Location
- Wheelwright Lane Ash Green near Coventry, Warwickshire, CV7 9RA England 52°27′22″N 1°30′24″W﻿ / ﻿52.4561°N 1.5066°W

Information
- Former name: Rushton Hall School
- Type: Special school
- Established: 1957
- Closed: 7 November 2018
- Department for Education URN: 122155 Tables
- Ofsted: Reports
- Gender: Coeducational
- Age: 2 to 19

= RNIB Pears Centre for Specialist Learning =

Former special school in Warwickshire, England

RNIB Pears Centre for Specialist Learning, formerly Rushton Hall School, was a school and children’s home for young people who were blind or partially sighted and who also had multiple disabilities or complex needs such as severe or profound learning disabilities, physical disabilities, additional sensory impairment, healthcare needs and autistic spectrum disorders. The school, based just outside Coventry, was run by RNIB (Royal National Institute of Blind People).

RNIB Pears Centre was categorised by Ofsted as a special, non-maintained school for 2- to 19-year-olds and as a children's home. Each service was inspected separately by Ofsted. The children's home was rated as "Outstanding" by Ofsted in November 2011. The school also achieved an "Outstanding" Ofsted grading in February 2013, but in November 2017 it was graded as "Inadequate".

The Charity Commission for England and Wales launched an inquiry into the school in 2018 following a sexual abuse allegation. Its report, published in 2020 after a two-year investigation, described a "catalogue of serious failings" at the school and said that "This is one of the worst examples we have uncovered of poor governance and oversight having a direct impact on vulnerable people".

On 4 September 2018 RNIB announced that both the children's home and school would close; the closure took place on 7 November 2018.

==History==
The school was founded in 1957, at Rushton Hall in Northamptonshire. In 2002, it moved to a shared site with Exhall Grange School in Coventry.

From 2009 to 2012 the entire school site was redeveloped, creating a new school building, five new bungalows and a new reception/administration building.

In May 2011, Rushton School and Children's Home was renamed RNIB Pears Centre for Specialist Learning, in recognition of the Pears Foundation's investment of £1.1 million towards the redevelopment work.

Anne, Princess Royal reopened the renamed school on 13 September 2012.

==Charity Commission inquiry==
The Charity Commission for England and Wales made a two-year inquiry, starting in March 2018, into the residential school after allegations of sexually abusive practice. The Commission's report found that the institution had exposed vulnerable children to harm and said that it was "one of the worst examples" it had ever uncovered. It also said that the RNIB-run school's failings had a serious impact on vulnerable people and recorded several cases of distress and harm to young disabled children.

RNIB said it had attempted to "turn the service around" after the Commission published its report.
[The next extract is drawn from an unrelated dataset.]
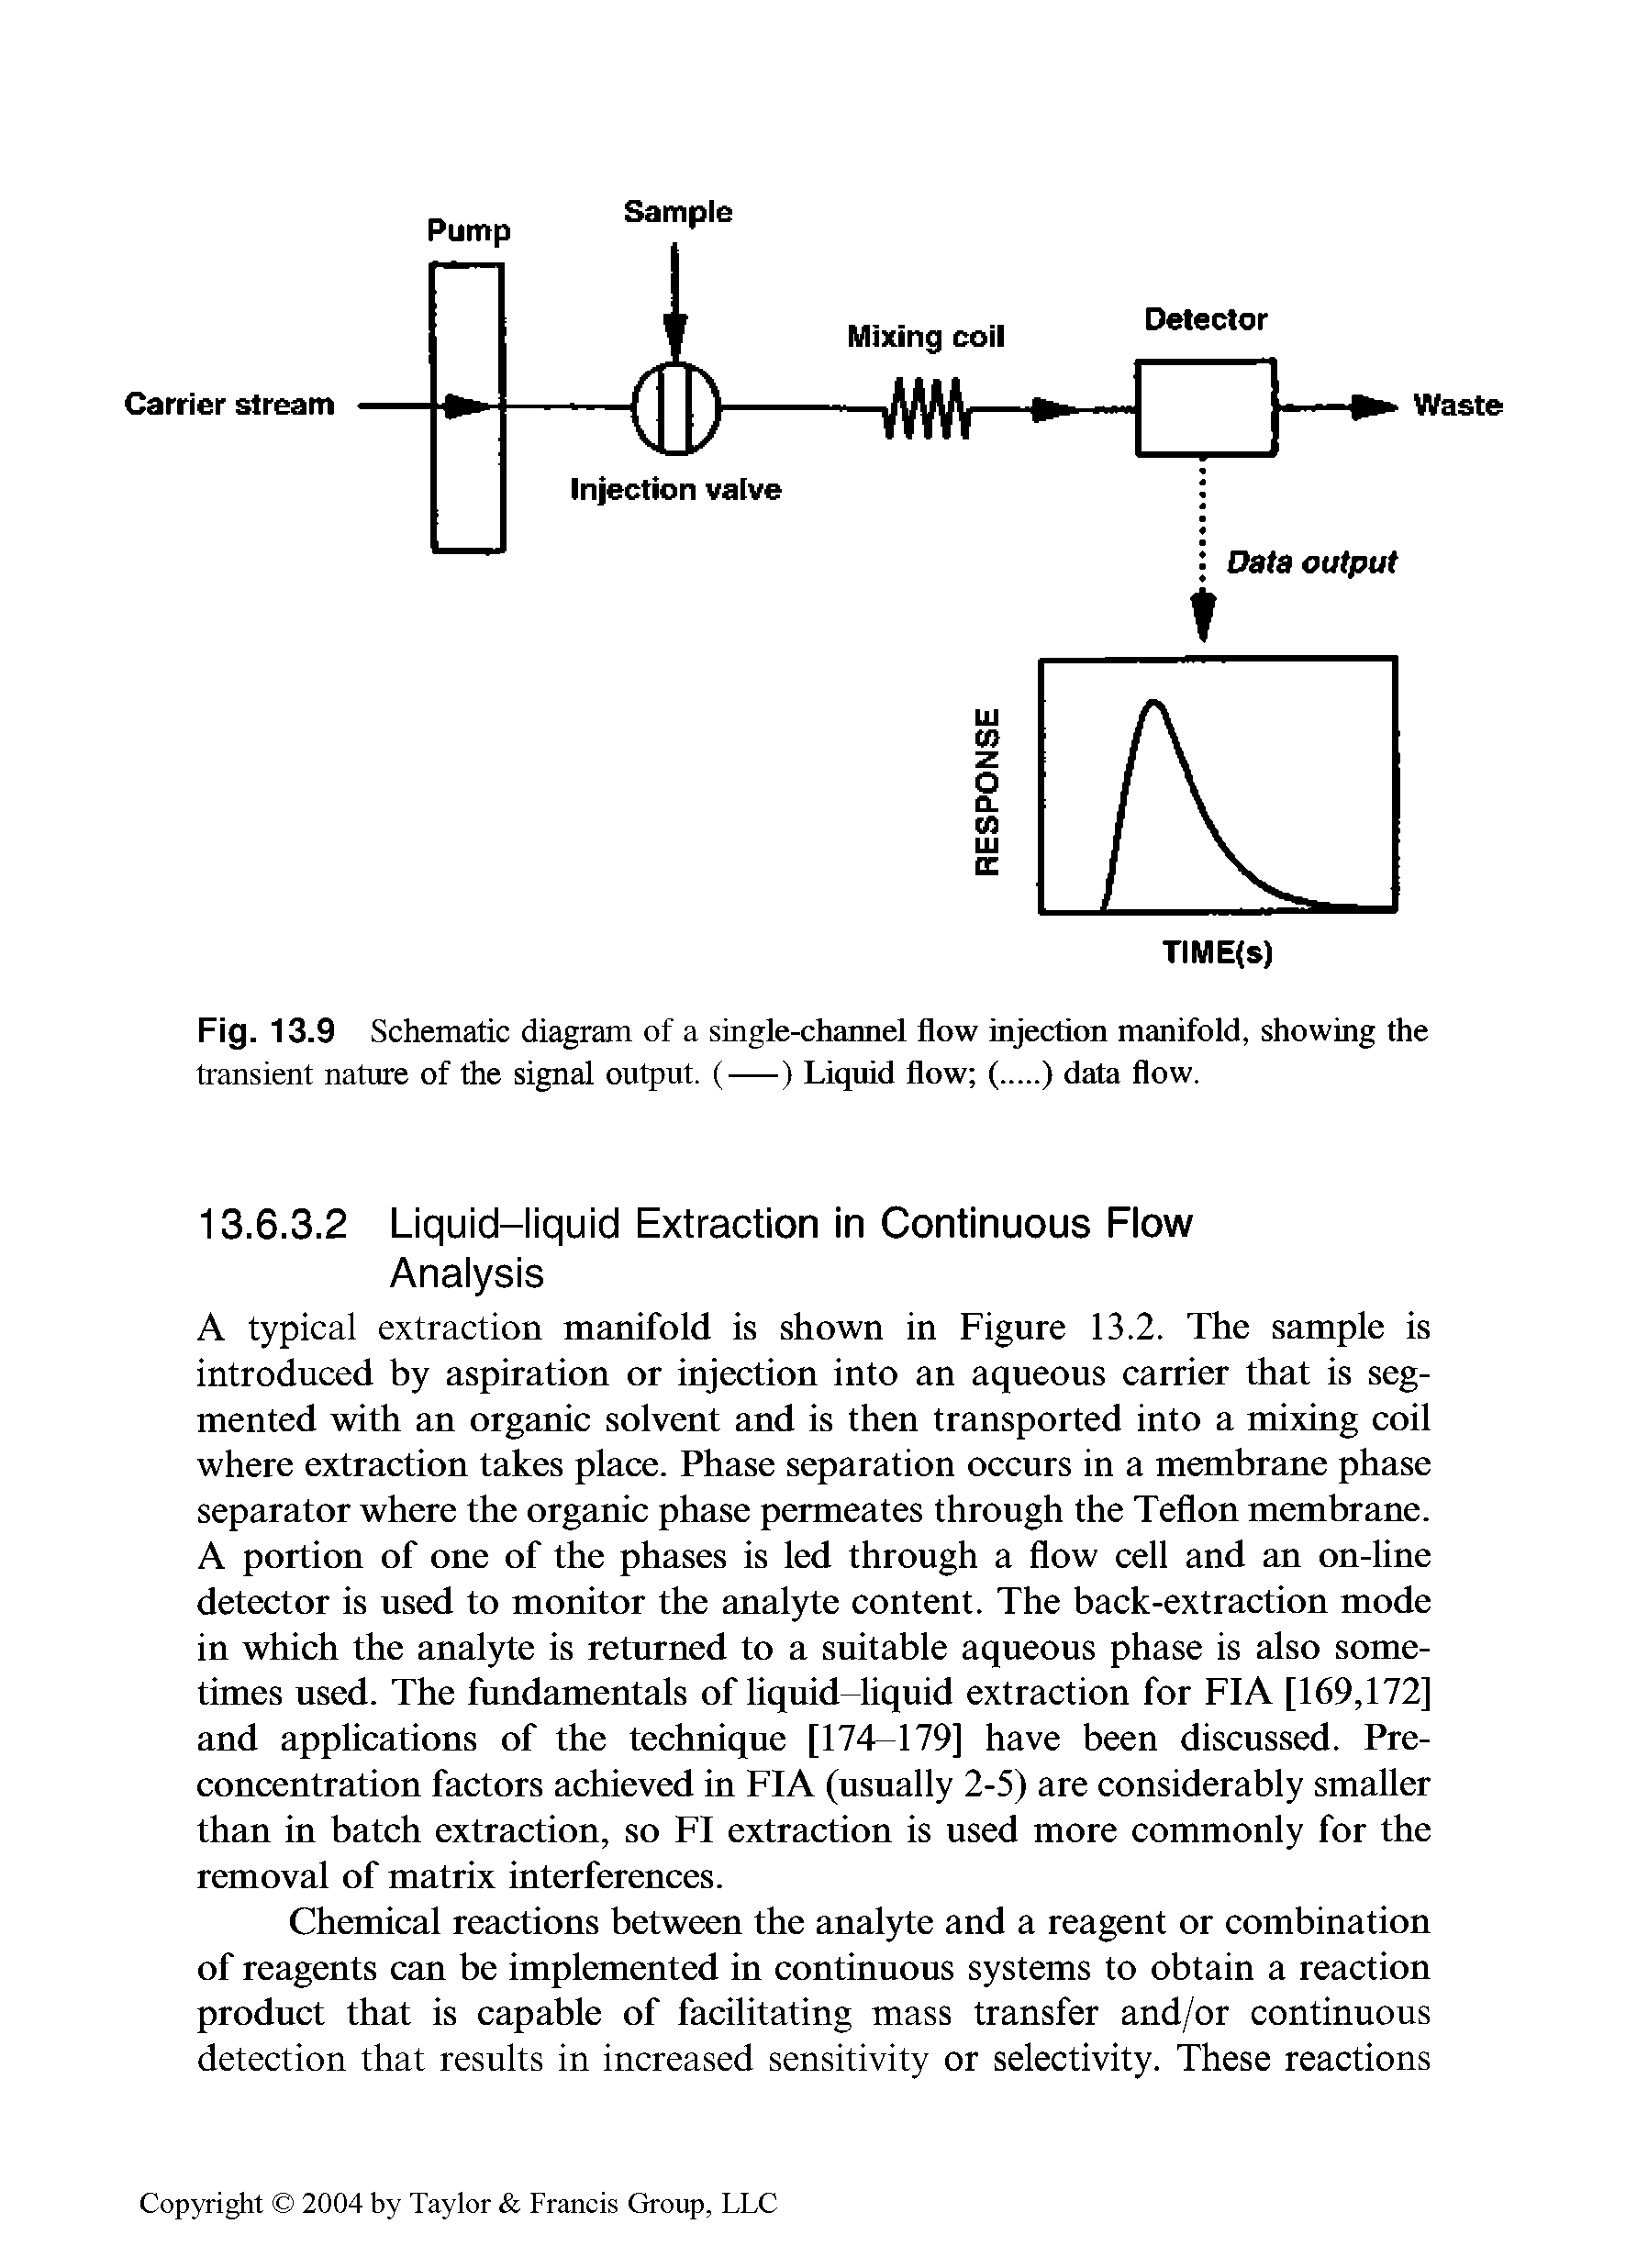 Fig. 13.9 Schematic diagram of a single-channel flow injection manifold, showing the transient nature of the signal output. (-) Liquid flow (...) data flow.

When the Commission published its report, RNIB issued an apology, saying that the findings "represent(s) a low point in our 152-year history". The findings included a child whose feet were injured because they wore shoes that were too small for three months. Moreover, the inquiry found a "disproportionately high number of basic medication errors" with one epileptic child suffering an increase in seizures. It also found that the school failed to document physical restraint incidents.